Computation of the leading order contributions to the Lamb shift for the H atom using spectral regularization

TL;DR

This paper presents a straightforward derivation of the Uehling potential function for the Lamb shift in hydrogen, avoiding complex renormalization techniques, and extends the method to compute the electron self-energy contribution.

Contribution

The paper introduces a conceptually simple, renormalization-free derivation of the Uehling potential and electron self-energy contributions for the Lamb shift, facilitating higher-order QFT calculations.

Findings

Derived the Uehling potential without renormalization.

Computed a matrix-valued potential for electron self-energy.

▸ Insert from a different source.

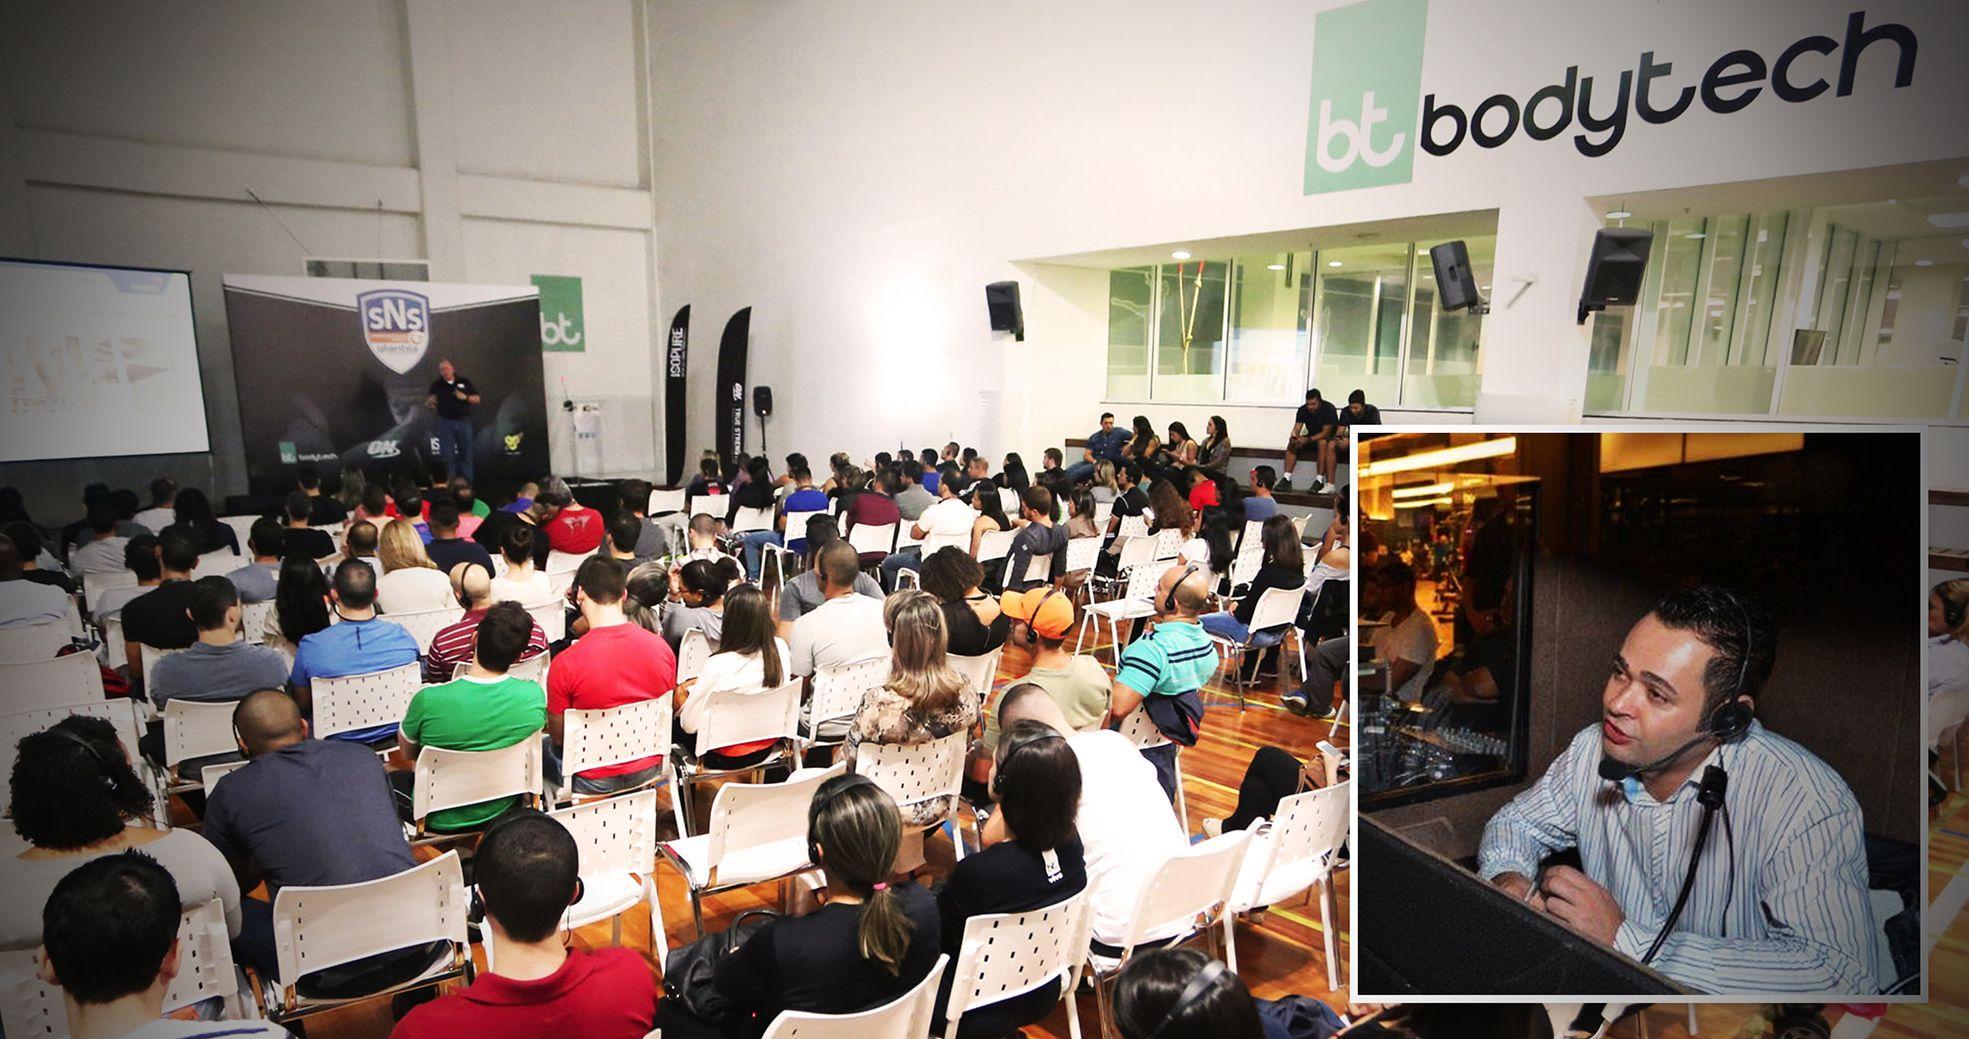 Evento Corporativo - Palestra Bodytech + Glanbia SNS7 - Agência DosReis Live Marketing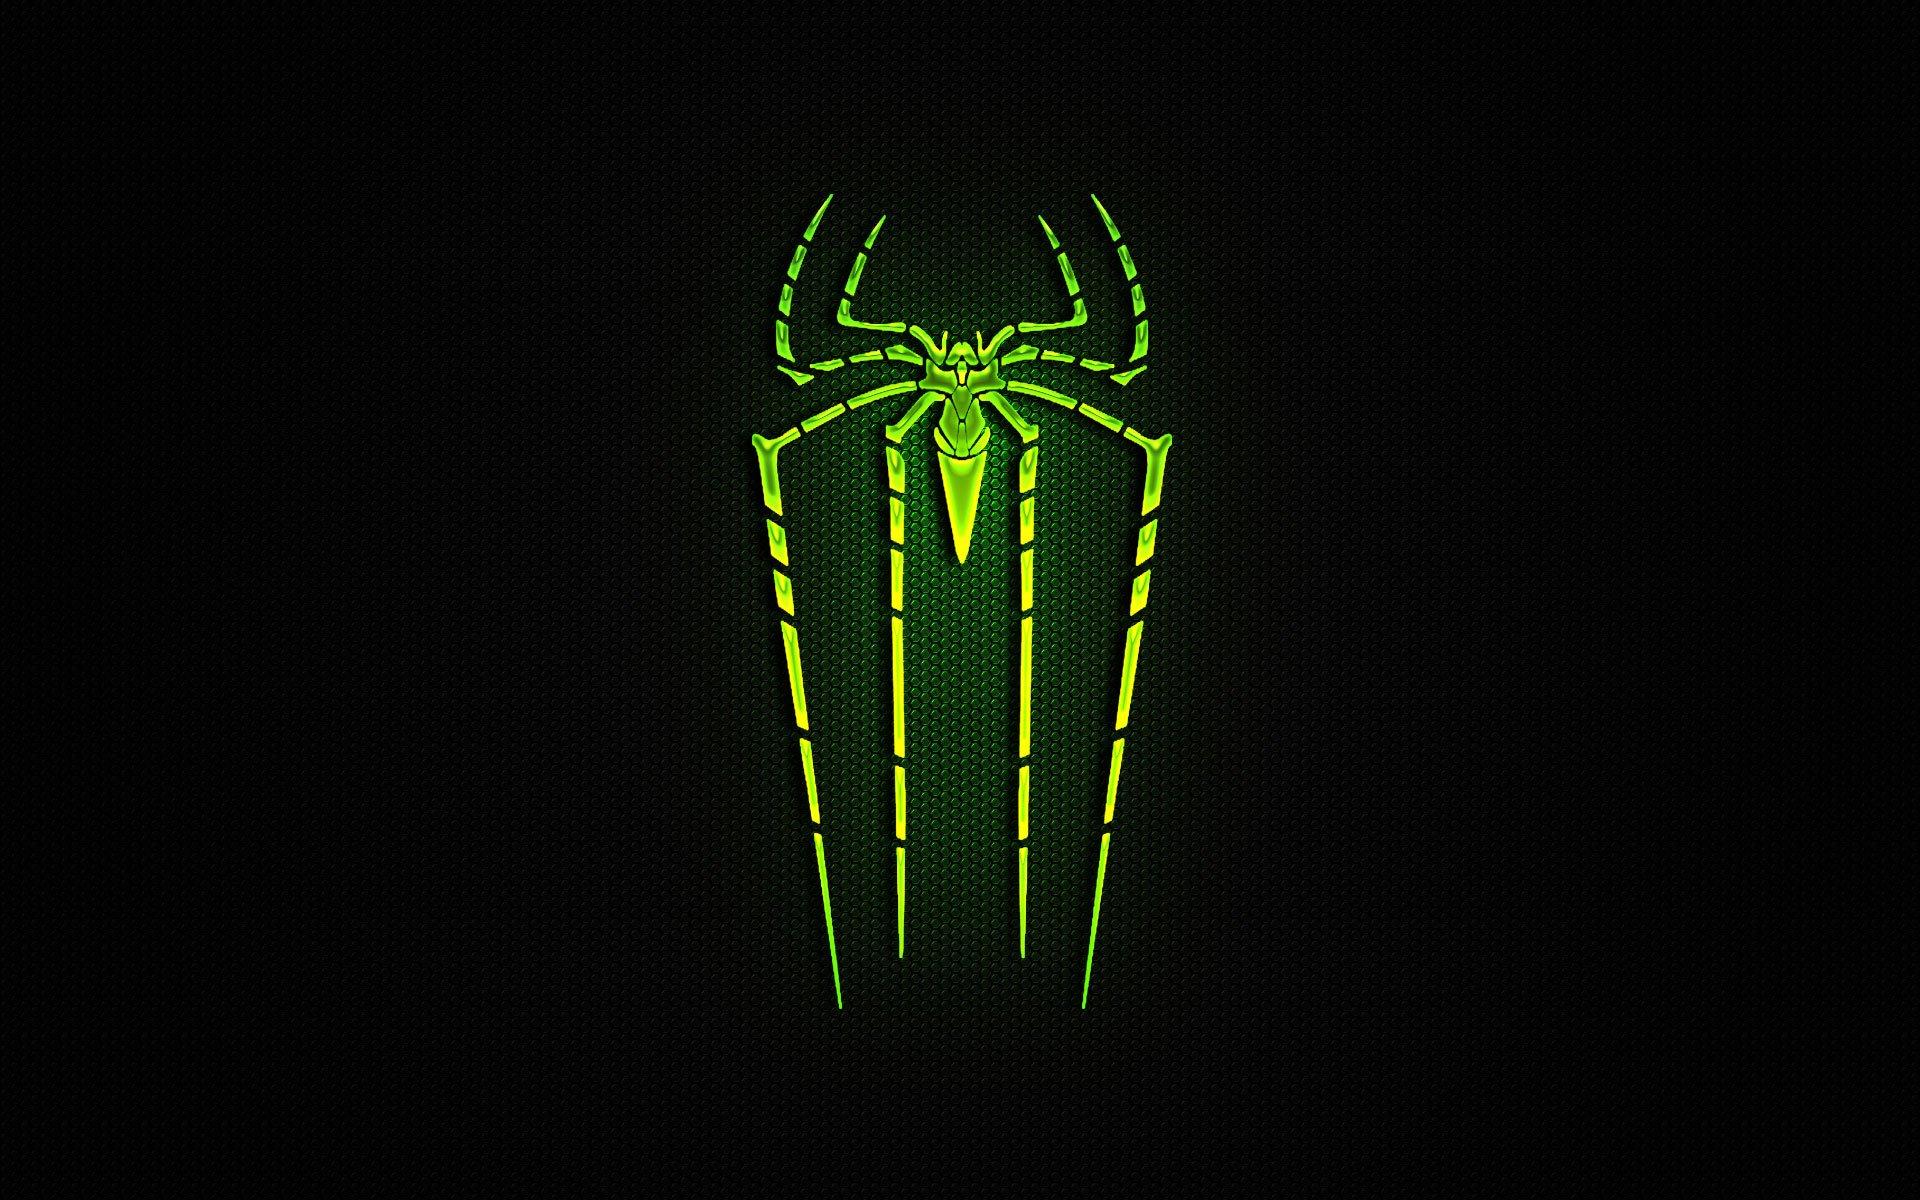 Hd spiderman logo wallpaper wallpapersafari - Wallpapers sites list ...

Method applicable to multi-loop QFT computations.

Abstract

The Uehling contribution to the Lamb shift can be computed exactly in terms of the Uehling potential function. However derivations of this function are complex involving avoiding divergences using intricate techniques from early quantum field theory (QFT) or else more modern approaches using charge and mass renormalization. In the present paper we derive the Uehling potential function in a fairly conceptually straightforward way not involving renormalization in which the vacuum polarization tensor is viewed as a Lorentz invariant 2-tensor valued measure on Minkowski space. Furthermore we compute a complex matrix valued potential function for the electron self-energy contribution to the Lamb shift. The resulting potential function is derived in a conceptually simple way not involving renormalization and can be used for higher order computations in QFT involving multiple loops.